Business / Technology

Nation must lend support to amateur inventors

By ZHU ZHE (China Daily) Updated: 2015-05-12 07:55

It was a hot, noisy afternoon in late April. Standing on the roof of a building in downtown Shenzhen, Ken Lee, a young executive of Shenzhen Huaqiang Industry Co Ltd, pointed at a pile of cement sacks and other construction materials and said: "Come back in June. You will see here a 5,000-square-meter 'maker' space, and that's just the first phase. We'll have everything here for makers who want to make a fortune."

Below him is the gigantic electronic parts market known as Huaqiangbei, where you can find almost every component necessary for making an electronic device.

Makers is a term that originated from the West to describe the technology hobbyists who follow the "do it yourself" philosophy, particularly in the open hardware and electronic sectors. It became a buzzword in China after Premier Li Keqiang visited the Chaihuo Maker Space in Shenzhen in January.
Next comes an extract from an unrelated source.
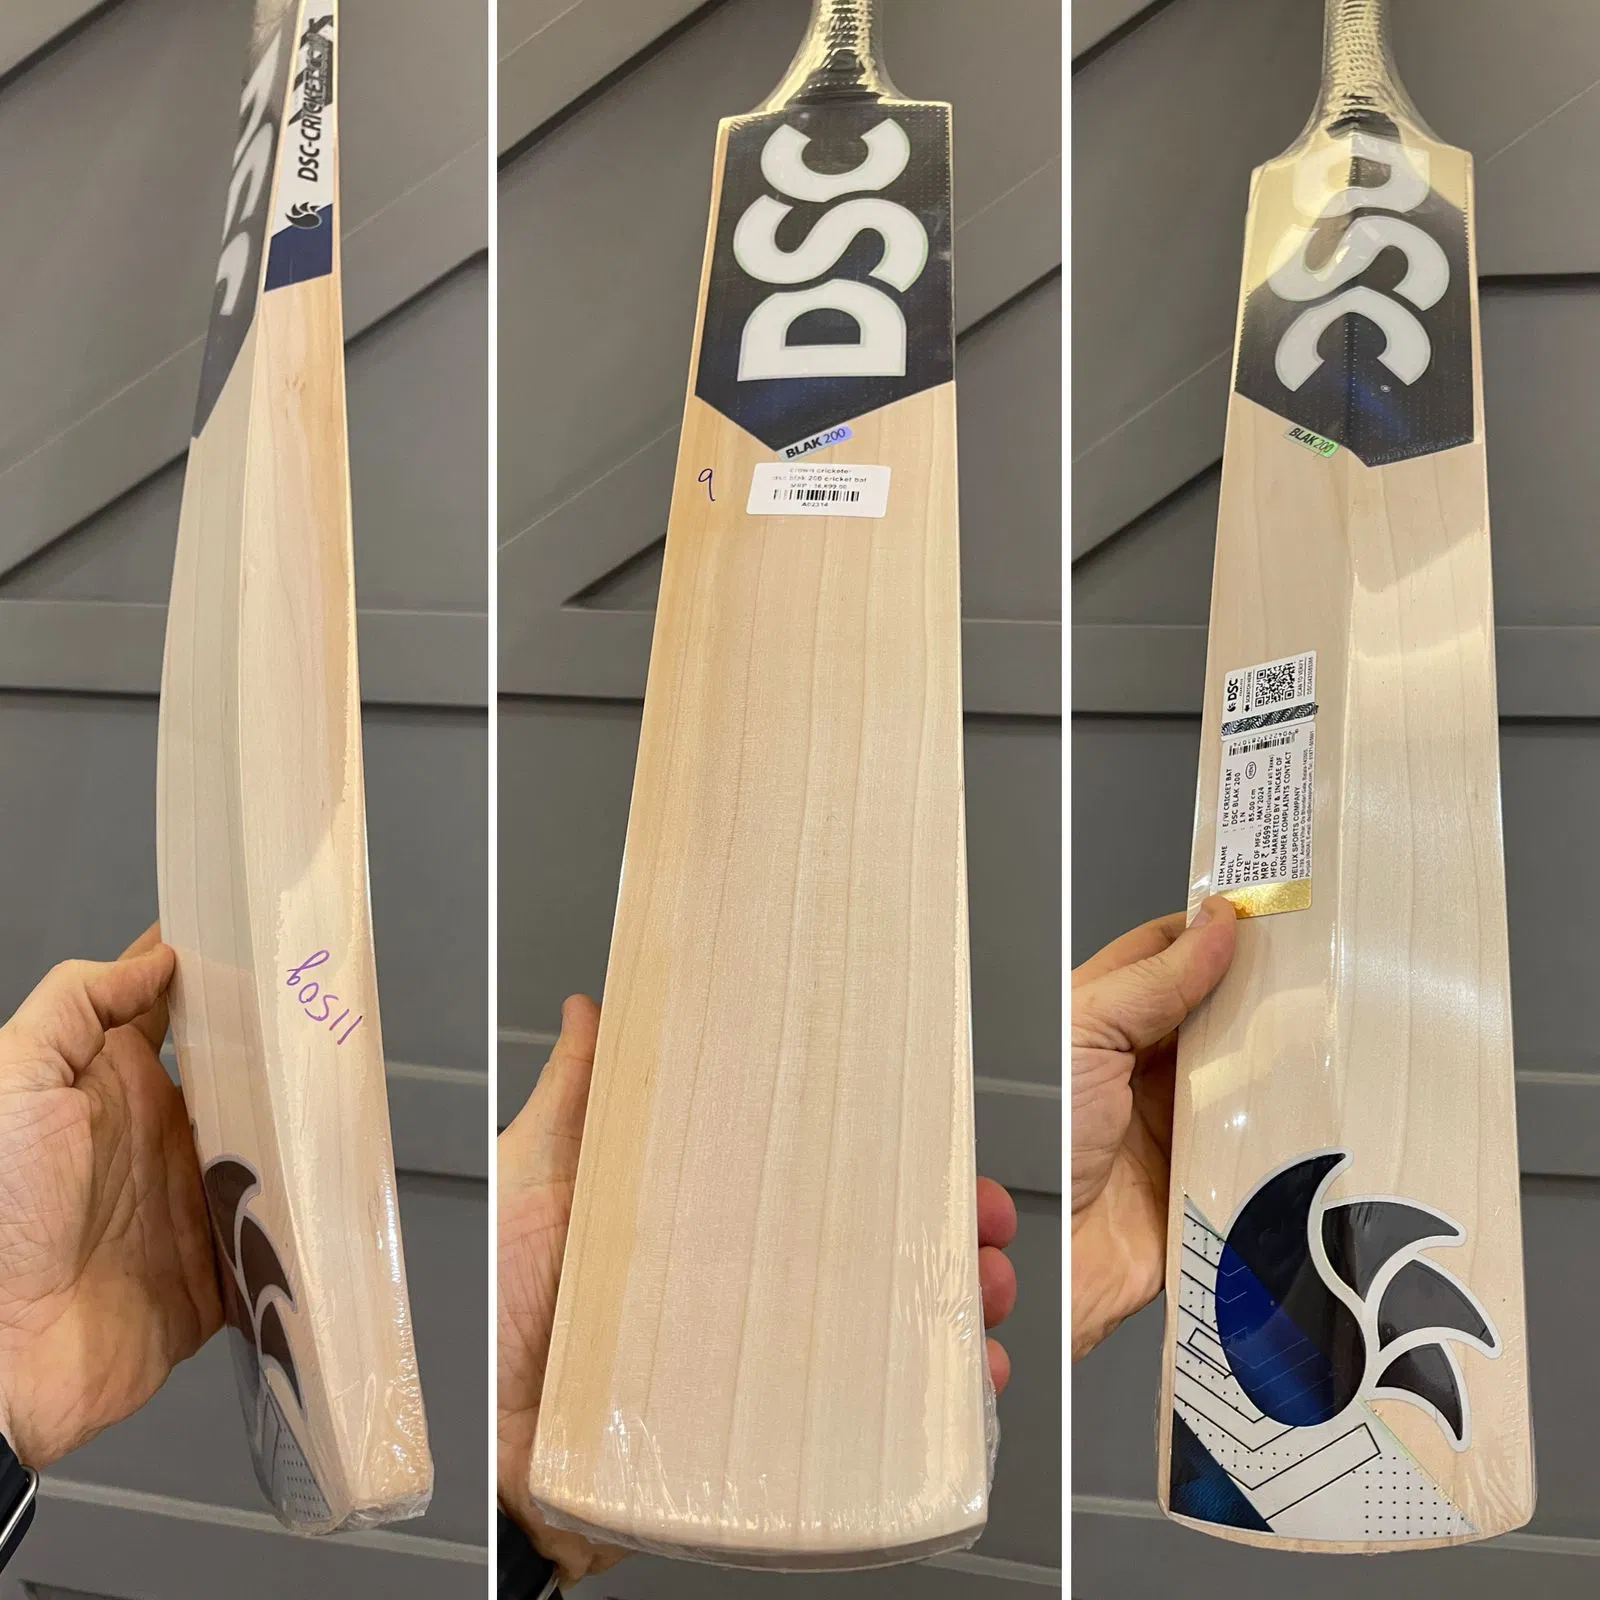 DSC Blak 200 Cricket Bat
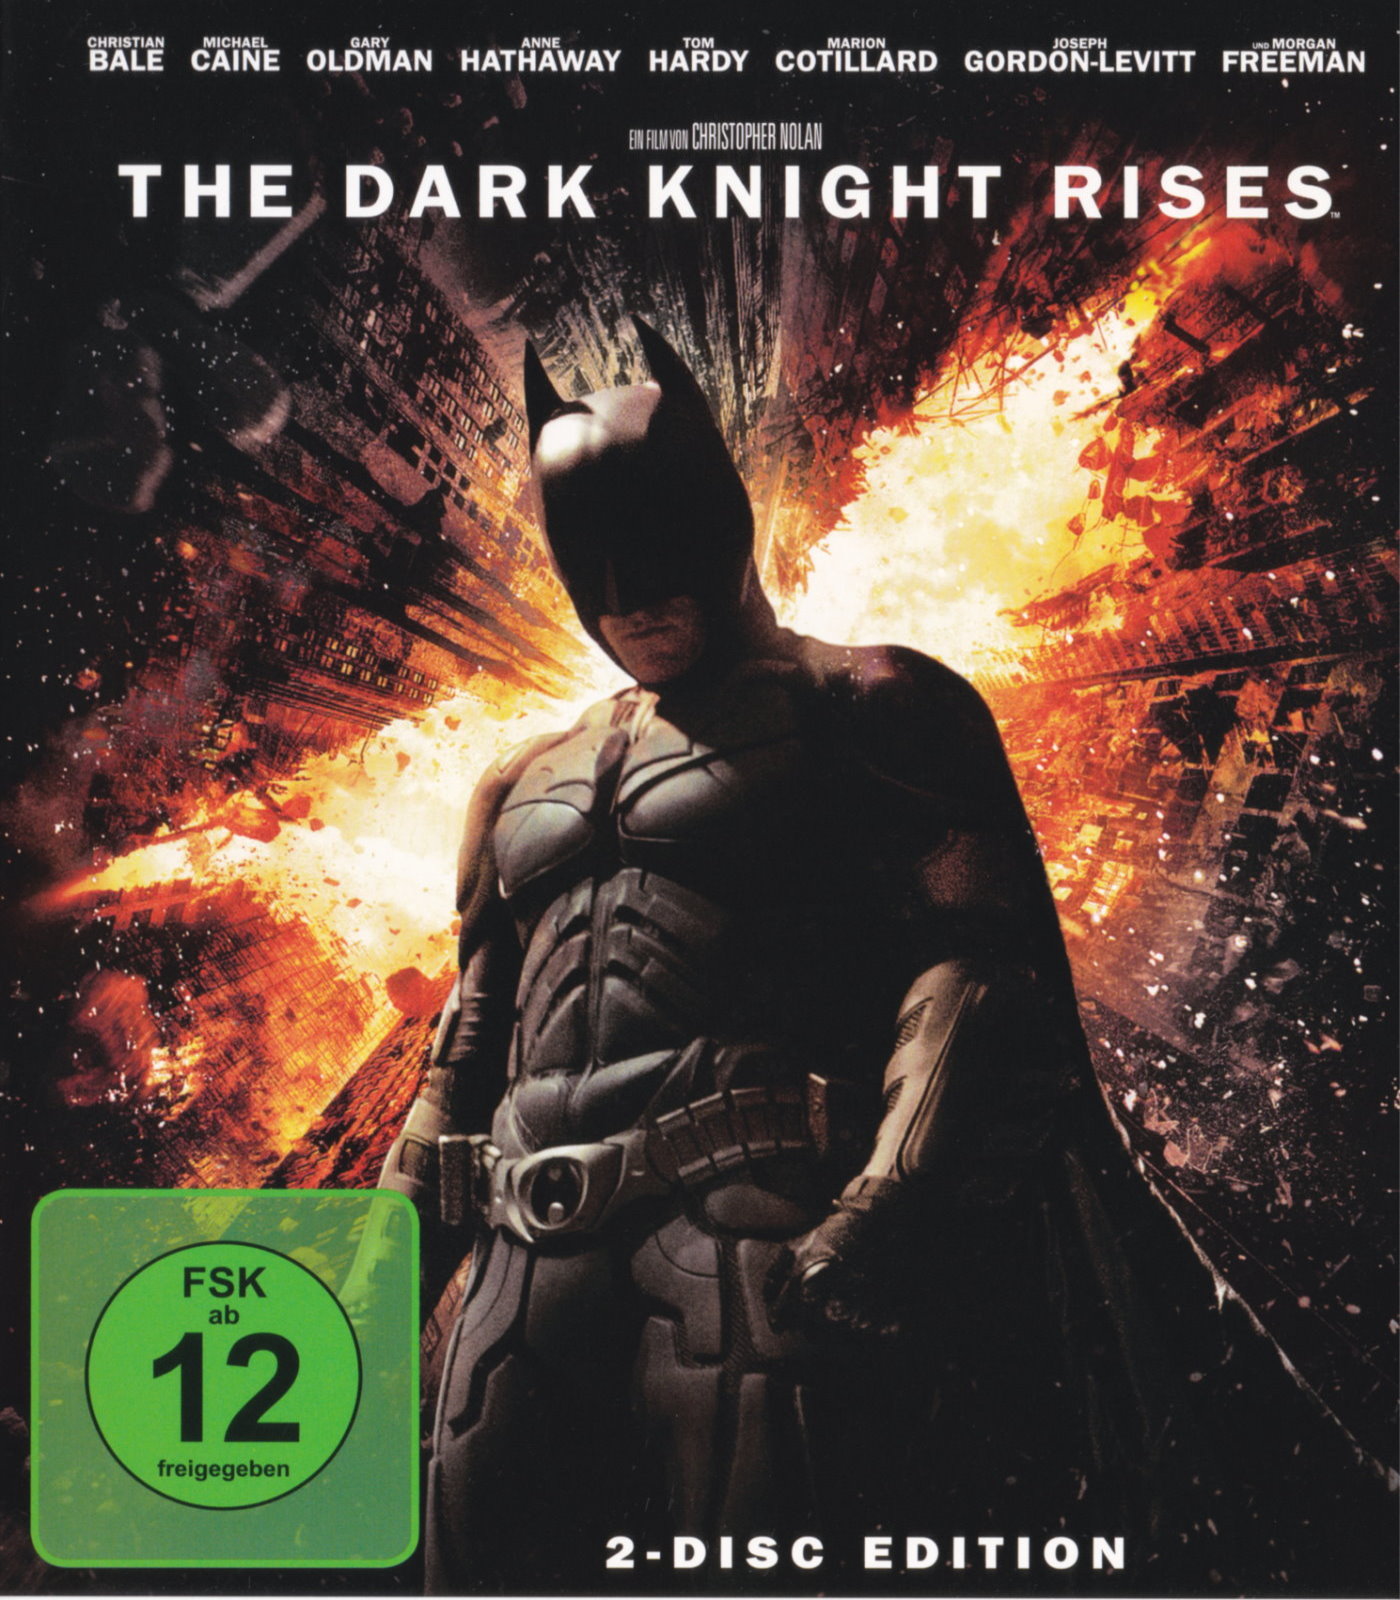 Cover - The Dark Knight Rises.jpg

In these venues, makers can exchange ideas and use facilities such as 3D-printers and laser cutting machines to bring their visions to life. Those who have similar concepts can join forces to set up startup companies.

Worried about downward pressure on the Chinese economy, which recorded its slowest growth in six years of 7 percent in the first quarter, the central government aims to foster the maker culture and entrepreneurship to provide momentum for the world's second-largest economy.

The latest boost came on May 4, when Li promised more favorable policies for the whiz kids working in China's maker spaces.

All the crucial resources are coalescing in Shenzhen, the long-time testing ground in Guangdong province for China's reform and opening-up policy. The city's strong supply chain, abundant local factories eager for orders of any size and a small government make the city a paradise for makers and startups.

Hopes are high. The central government wants Shenzhen to be a leader again in the nation's economic transformation and give fresh impetus to the sluggish manufacturing industry. People with money dream of lucrative returns from investing in startups and shepherding them through public listings.

But the leap from maker to entrepreneur is a daunting one, and few survive the plunge into finance, mass manufacturing and the management of a complex company. Many young makers have no clue of the meaning of entrepreneurship.

Successful entrepreneurs such as Jack Ma, who endured years of struggle to build Alibaba Group Holding Ltd into a global e-commerce giant, must have the courage to start from scratch and take risks. They must have the ability to lead a team and mobilize resources, and the determination to follow the path they believe in no matter how difficult the journey is.

But many makers do it simply for fun. For example, a young man in Chaihuo Maker Space assembled a low-temperature cooker just because he wanted to eat juicy steaks. He never had any intention of putting his creation into mass production, let alone starting company.

For the tiny minority of makers who have the desire to commercialize their creations and be successful entrepreneurs, they must be well aware of the hardships that lie ahead.

China does not need makers so much as it needs entrepreneurs. Once these amateur inventors decide to take the plunge and fight for success, we as a nation should spare no effort to support them. The future of the country may rest on their shoulders.